* WHAT IS REQUIRED: Could you set down the listing below exactly, leaving out its pictures?

[Opening GIVEN INFORMATION section]

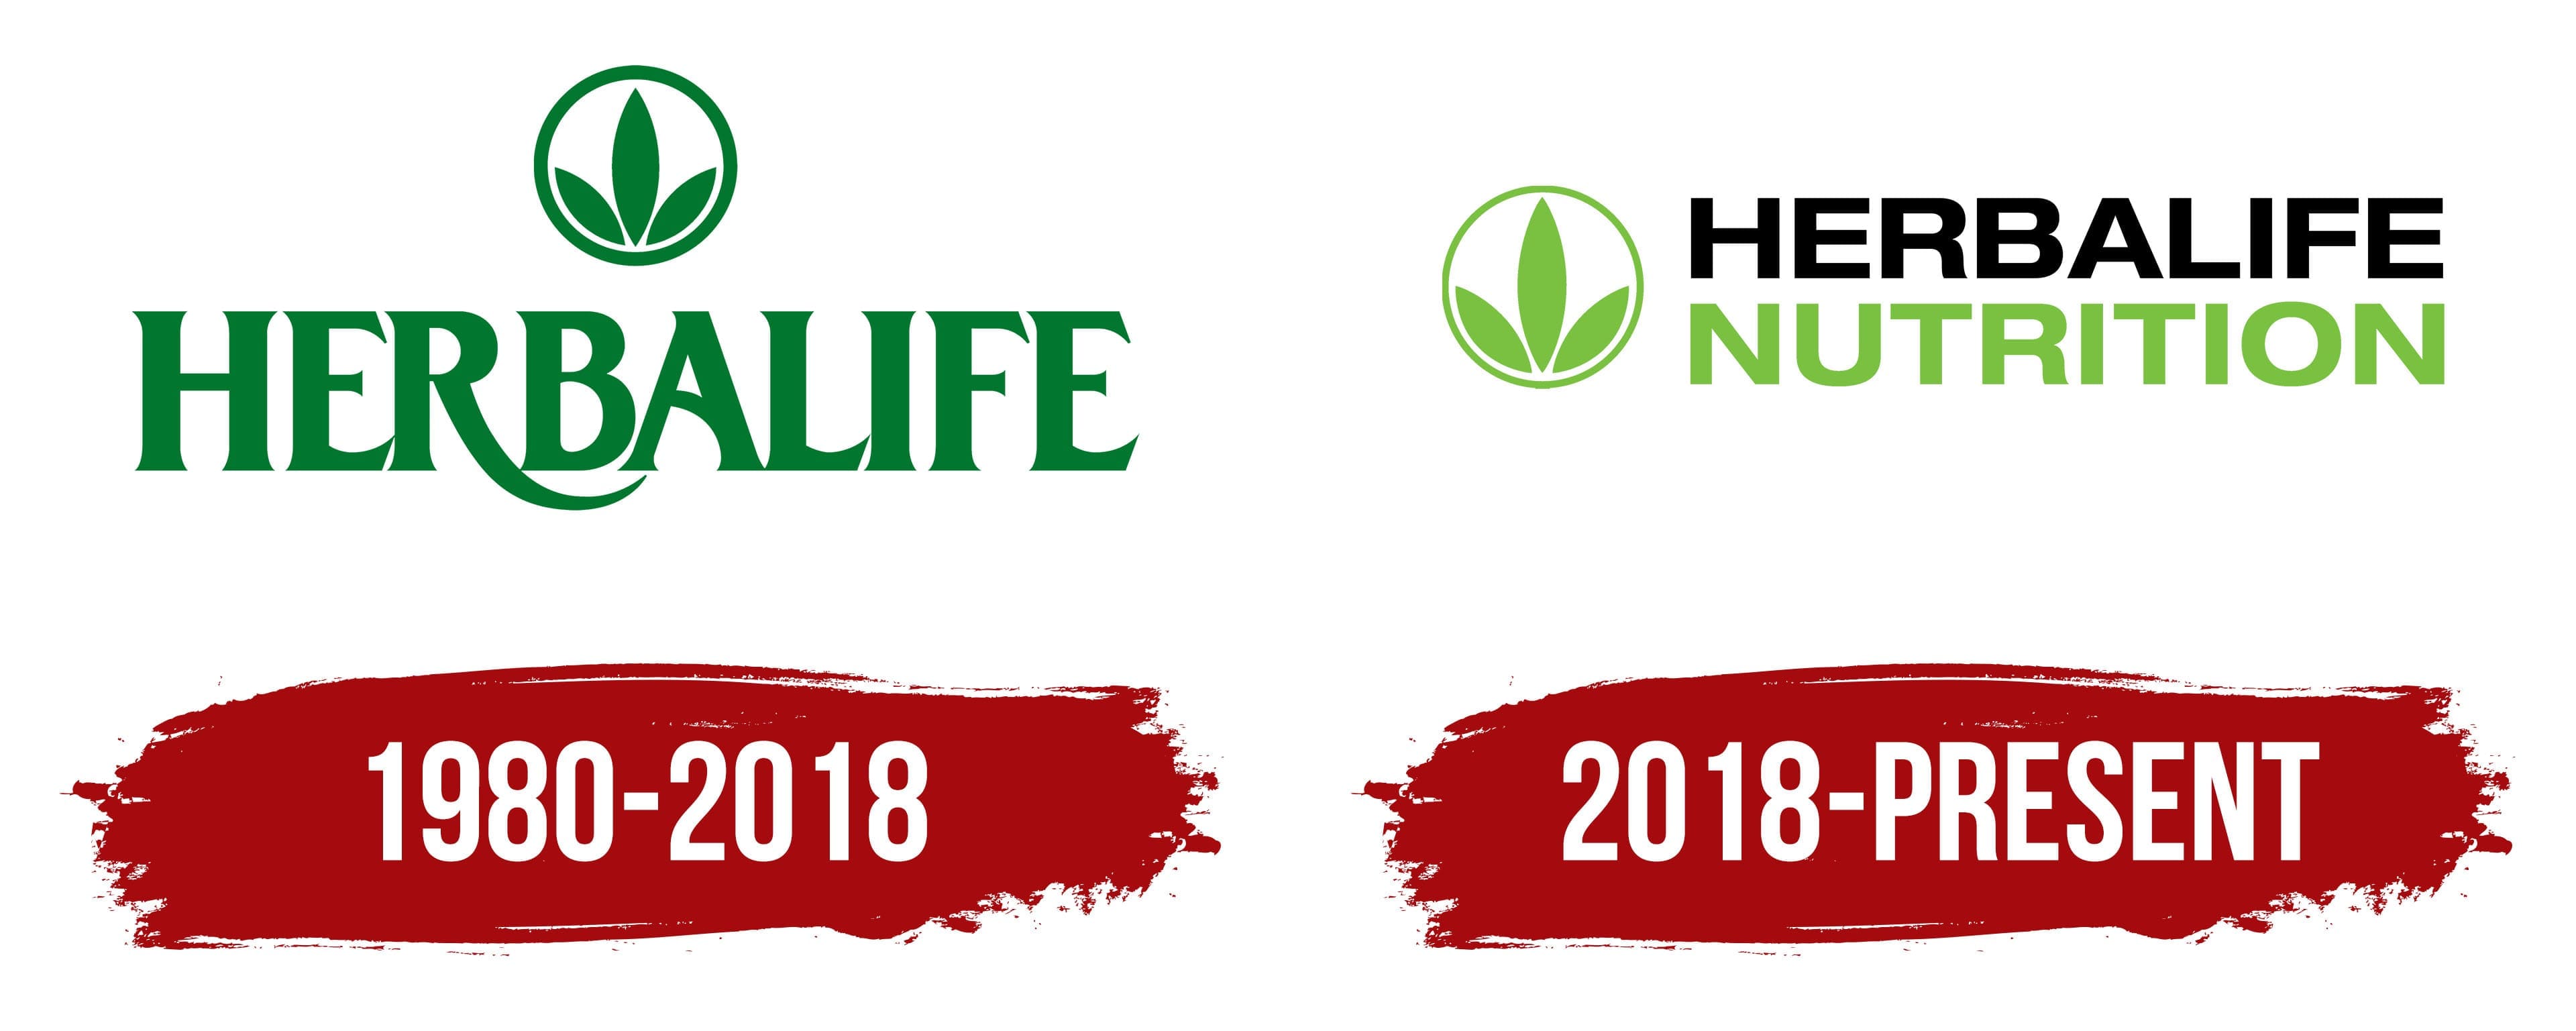 Herbalife logo in words | Herbalife, Herbalife clothing, Herbalife nutrition
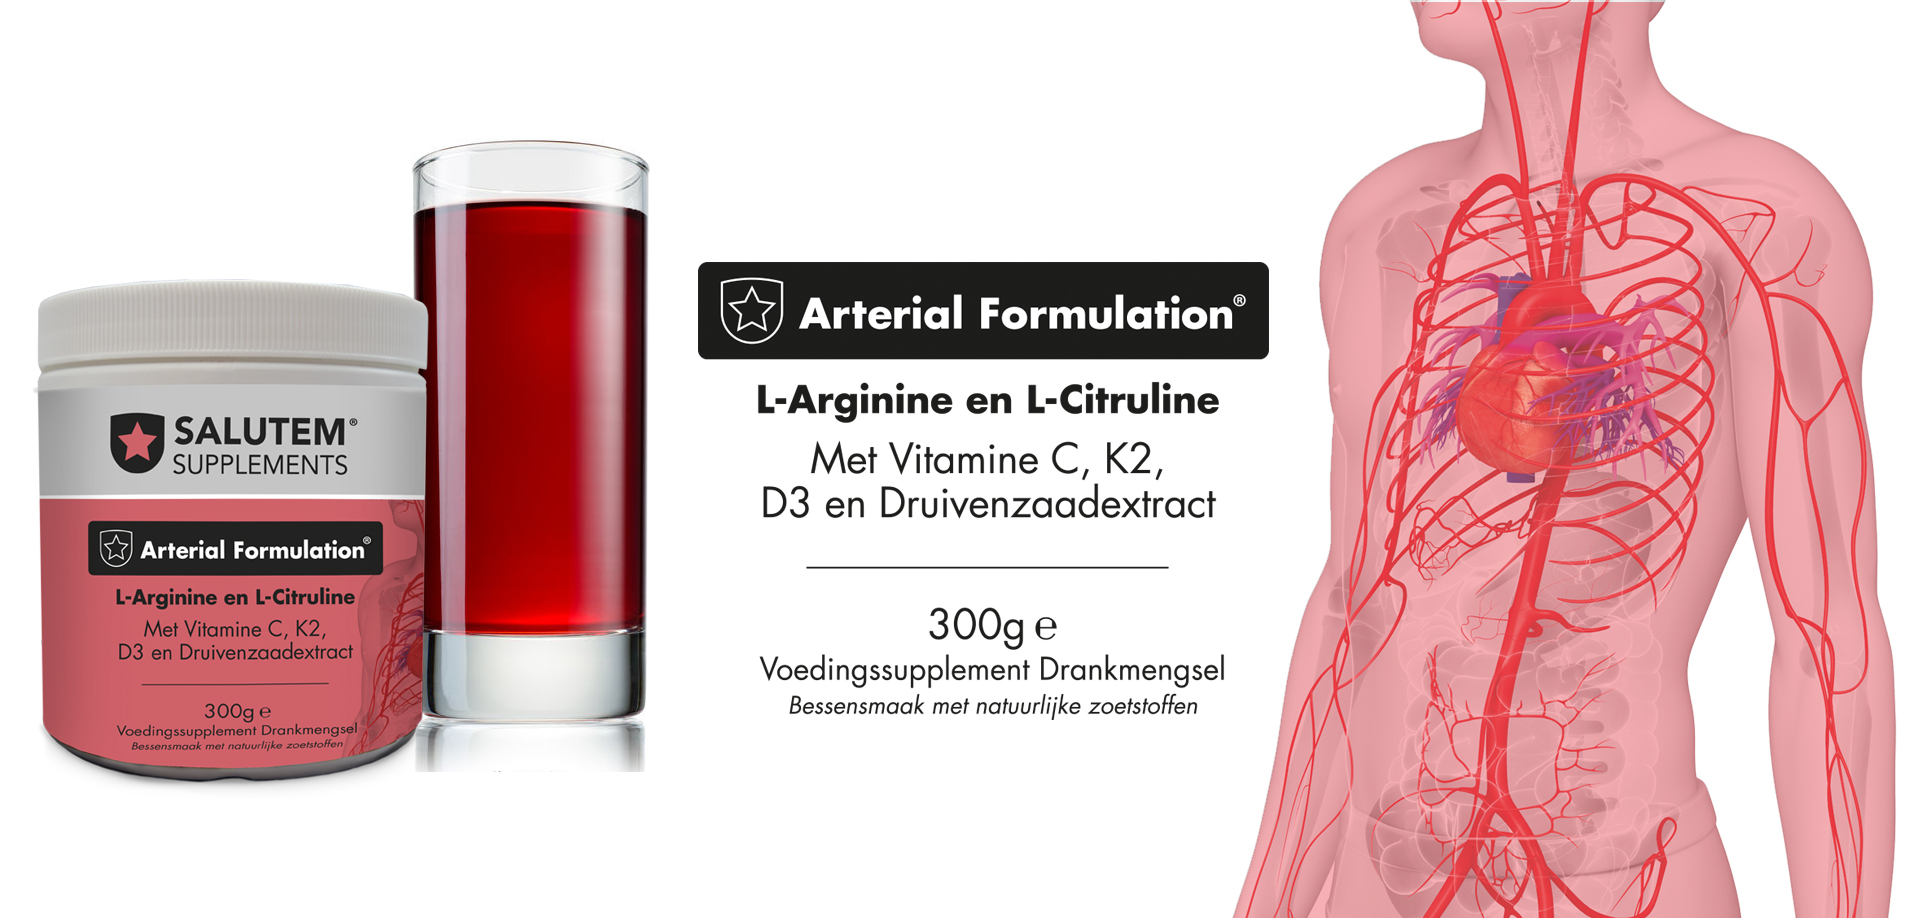 Arterial Formulation
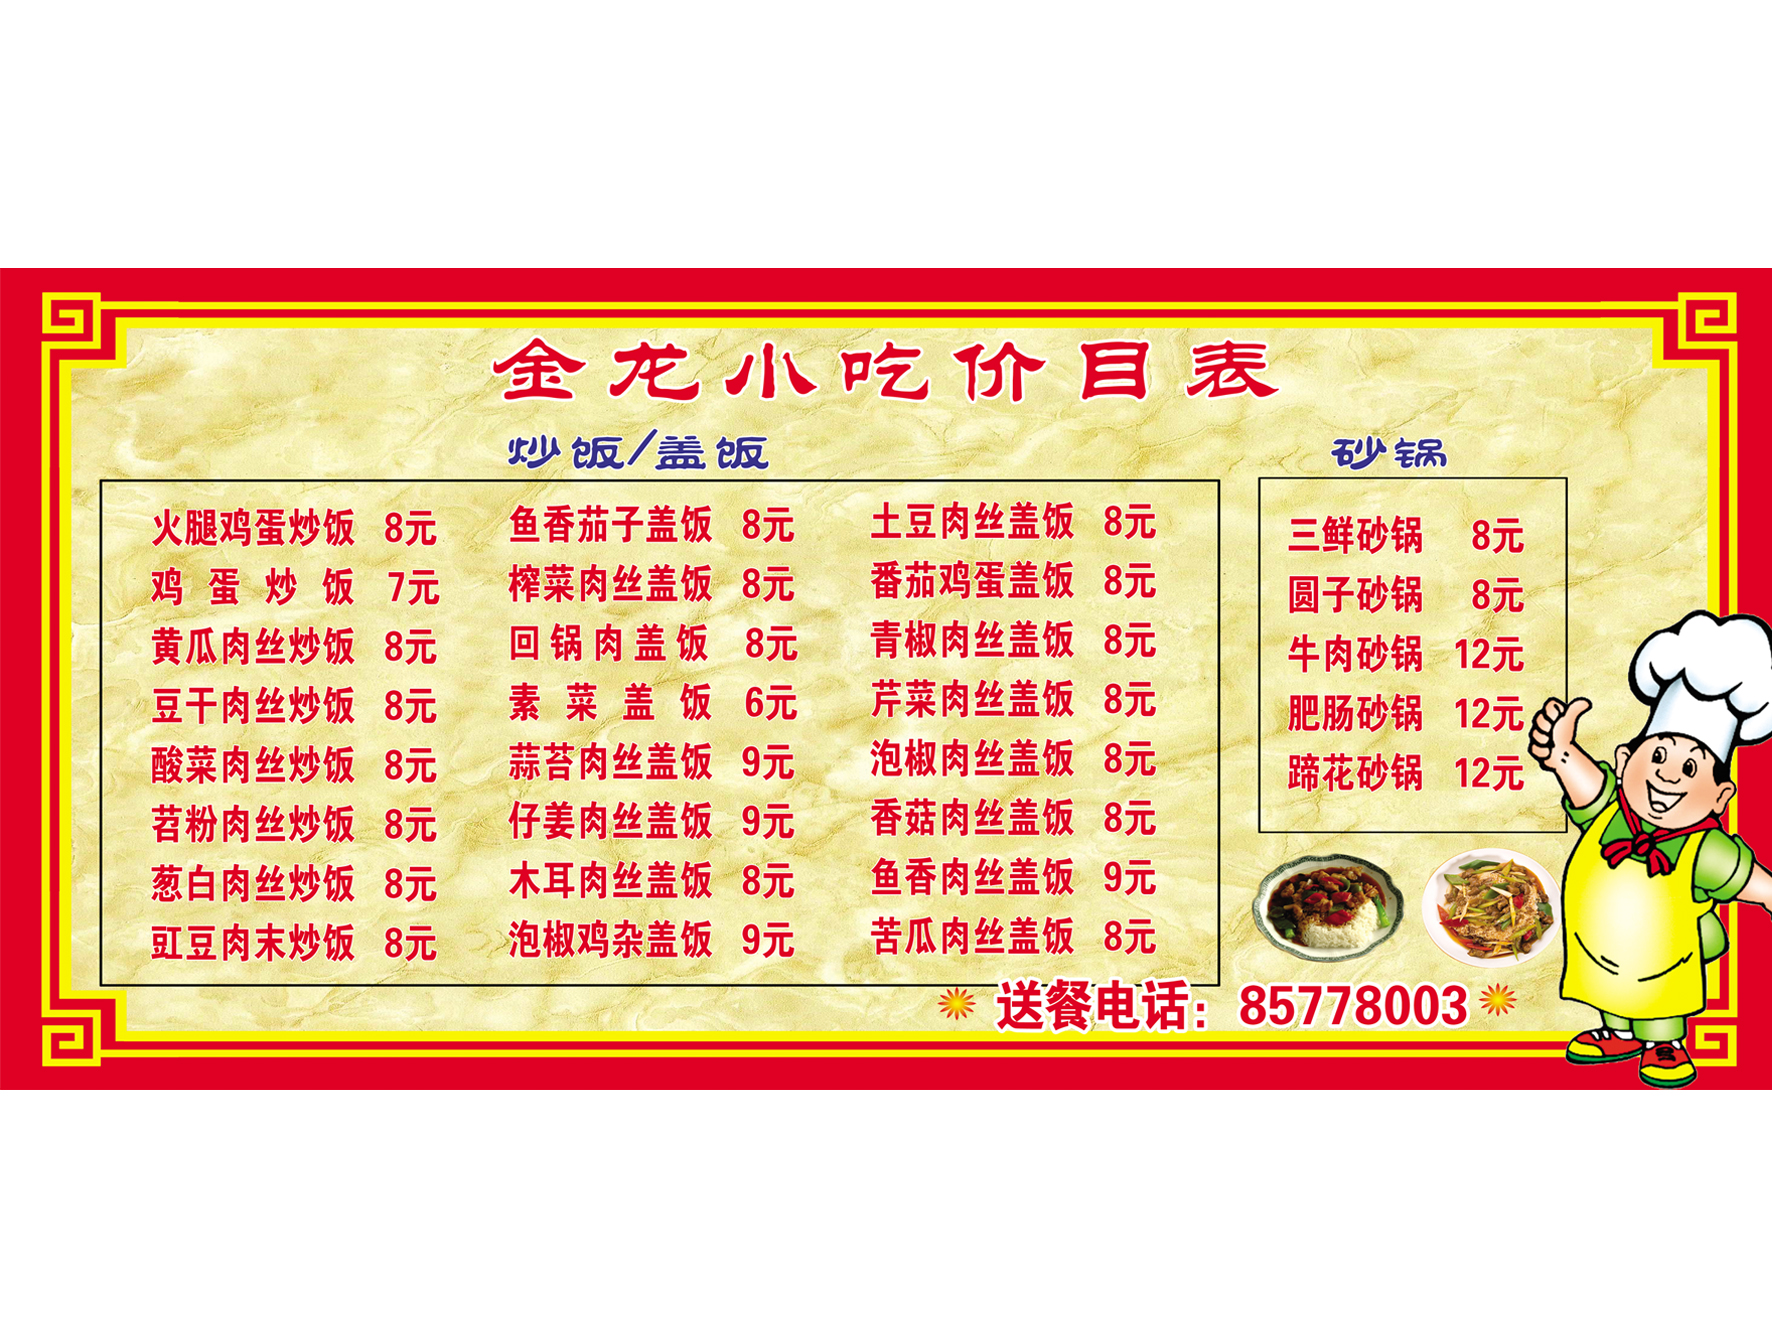 砂锅价格表素材图片下载-素材编号00710438-素材天下图库

[Closing GIVEN INFORMATION section]

* RESULT BELOW:
 Herbalife logo in words | Herbalife, Herbalife clothing, Herbalife nutrition
 Arterial Formulation
 砂锅价格表素材图片下载-素材编号00710438-素材天下图库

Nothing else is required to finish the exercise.